Az önce AB Uyum Komisyonundaki arkadaşlarımız bugün kamuoyuna açıkladıkları pozisyonu bir kere daha izah ettiler ama Sayın Selina Doğan'ın vurguladığı gibi, bu pozisyon yani Avrupa Parlamentosuna "Hayır." deme çağrısı aslında Hükûmetinizin antidemokratik uygulamaları artırmaması için yapılan bir "Hayır." çağrısı. Yoksa, metnin içeriğine baktığınızda, metin İngilizce olarak ulaşılabilir bir metin. Metinde söylenenler, önce, baktığınızda darbeyi kınıyor, 15 Temmuz darbe girişimini, kalkışmayı kınıyor, Türk yetkililerinin bunun sorumlularını cezalandırma konusunda meşru bir sorumluluğu, hakkı olduğunu ortaya koyuyor, "Türkiye bizim için önemli bir ortaktır." diyor, "Türkiye Avrupa İnsan Hakları Sözleşmesi'ne bağlıdır." diye hatırlatmada bulunuyor. Cumhurbaşkanı Erdoğan'ın ve Hükûmetinizin yetkililerinin idam cezasının geri getirilmesine yönelik ifadelerini hatırlatıyor ve 18 Temmuzdaki Avrupa Konseyi kararlarında bunun, AB müktesebatının ayrılmaz bir parçası olduğunu, yani idam cezasına karşı çıkmanın, bunu reddetmenin olduğunu hatırlatıyor. OHAL altında, olağanüstü hâl yönetimi altında baskıcı bir şekilde orantısız kararlar alındığını söylüyor. Türk vatandaşlarının Anayasa'da güvence altına alınmış hak ve özgürlüklerinin ihlal edilmekte olduğunu söylüyor. 10 vekilin tutuklu olduğunu, 150 gazetecinin -AB ilerleme raporunda bahsedilen rakamı "referee" ediyor- 2386 hâkim ve savcının, 40 bin diğer yurttaşın -bunların 31 bininin tutuklu olduğunu- gözaltında olduklarını söylüyor. 129 bin kamu görevlisinin ya açıkta olduğunu ya ihraç edildiğini söylüyor. Çoğunun da bu kararlara karşı dava açma hakkının olmadığını söylüyor. Ciddi kaygılar olduğunu, gözaltına alınanlar, tutuklamalar konusunda, ifade özgürlüğü, basın özgürlüğü konusundaki yine sınırlamaları bize hatırlatıyor.

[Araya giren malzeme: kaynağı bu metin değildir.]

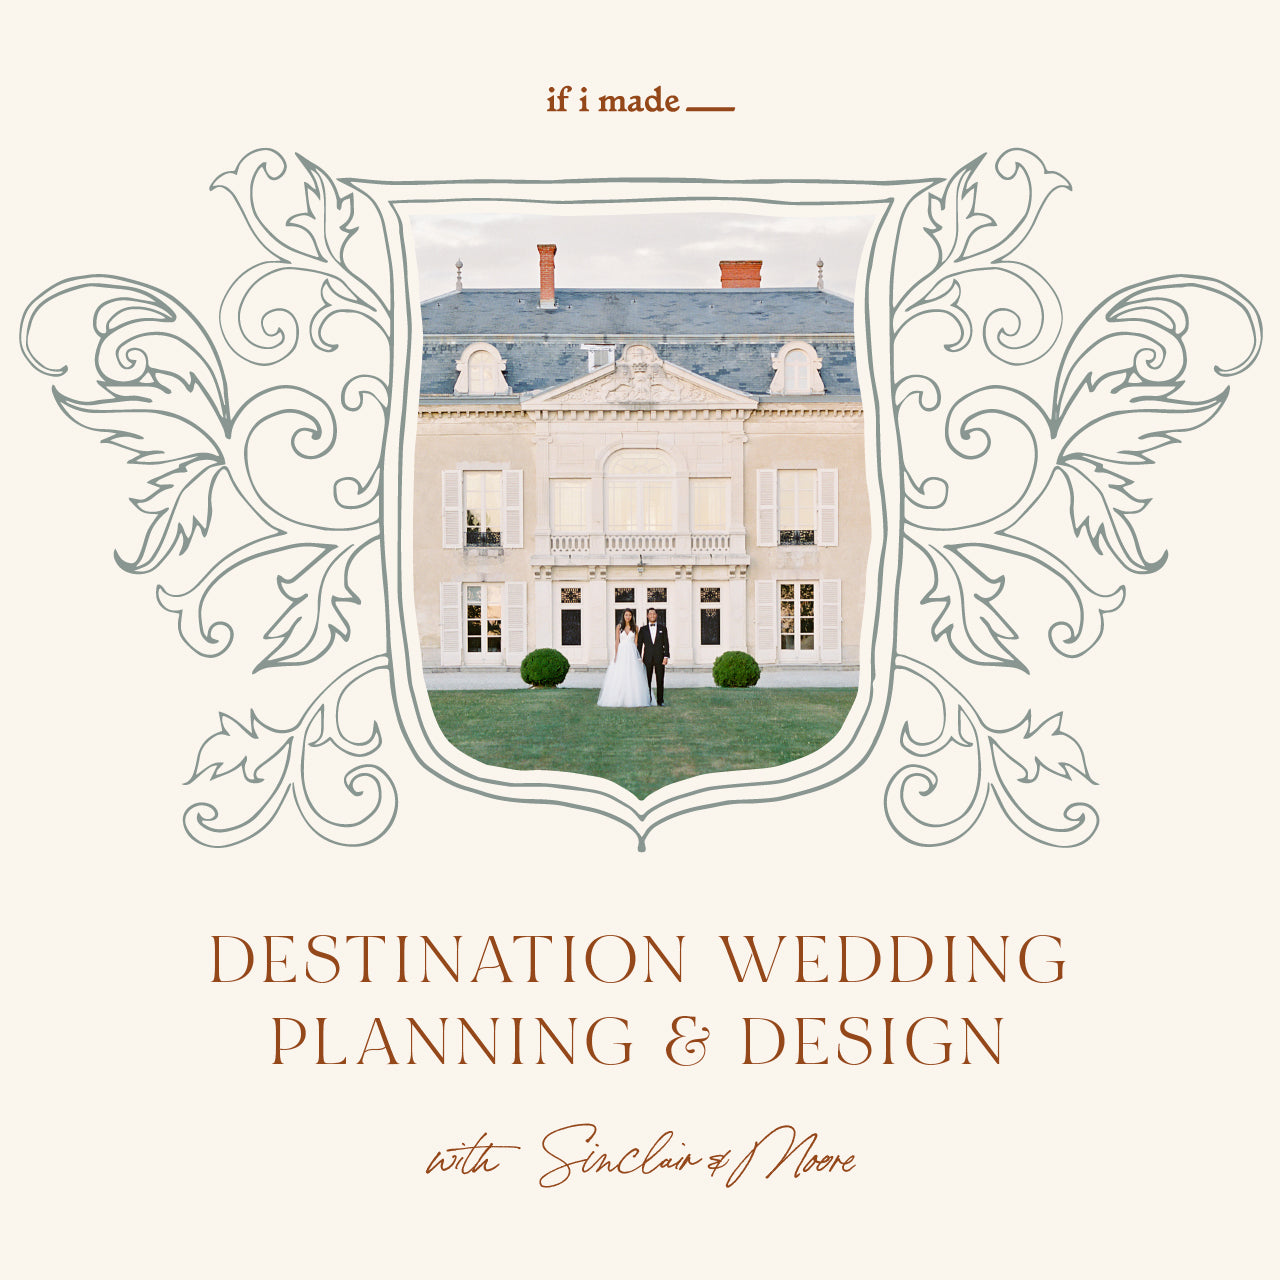 Destination Wedding Planning & Design with Sinclair & Moore (ROP)

Müzakere çerçevesinde... Ki müzakere çerçevesi dediğimiz dokümanı hatırlatmak isterim: Hükûmetiniz tarafından Avrupa Birliğiyle müzakere edilip kabul edilen bir doküman bu. O doküman da -yanılmıyorsam 2005 yılıdır dokümanın tarihi- Lüksemburg'da imzalandı. Demokrasi, özgürlükler, insan hakları, temel özgürlükler, hukuk devleti konularında, Türkiye'nin geri gitmesi durumunda Kopenhag kriterlerinden, AB Komisyonunun ya kendisinin ya da üye ülkelerin üçte 1'inin isteğiyle müzakerelerin askıya alınmasını isteyebileceğini söylüyor bu doküman.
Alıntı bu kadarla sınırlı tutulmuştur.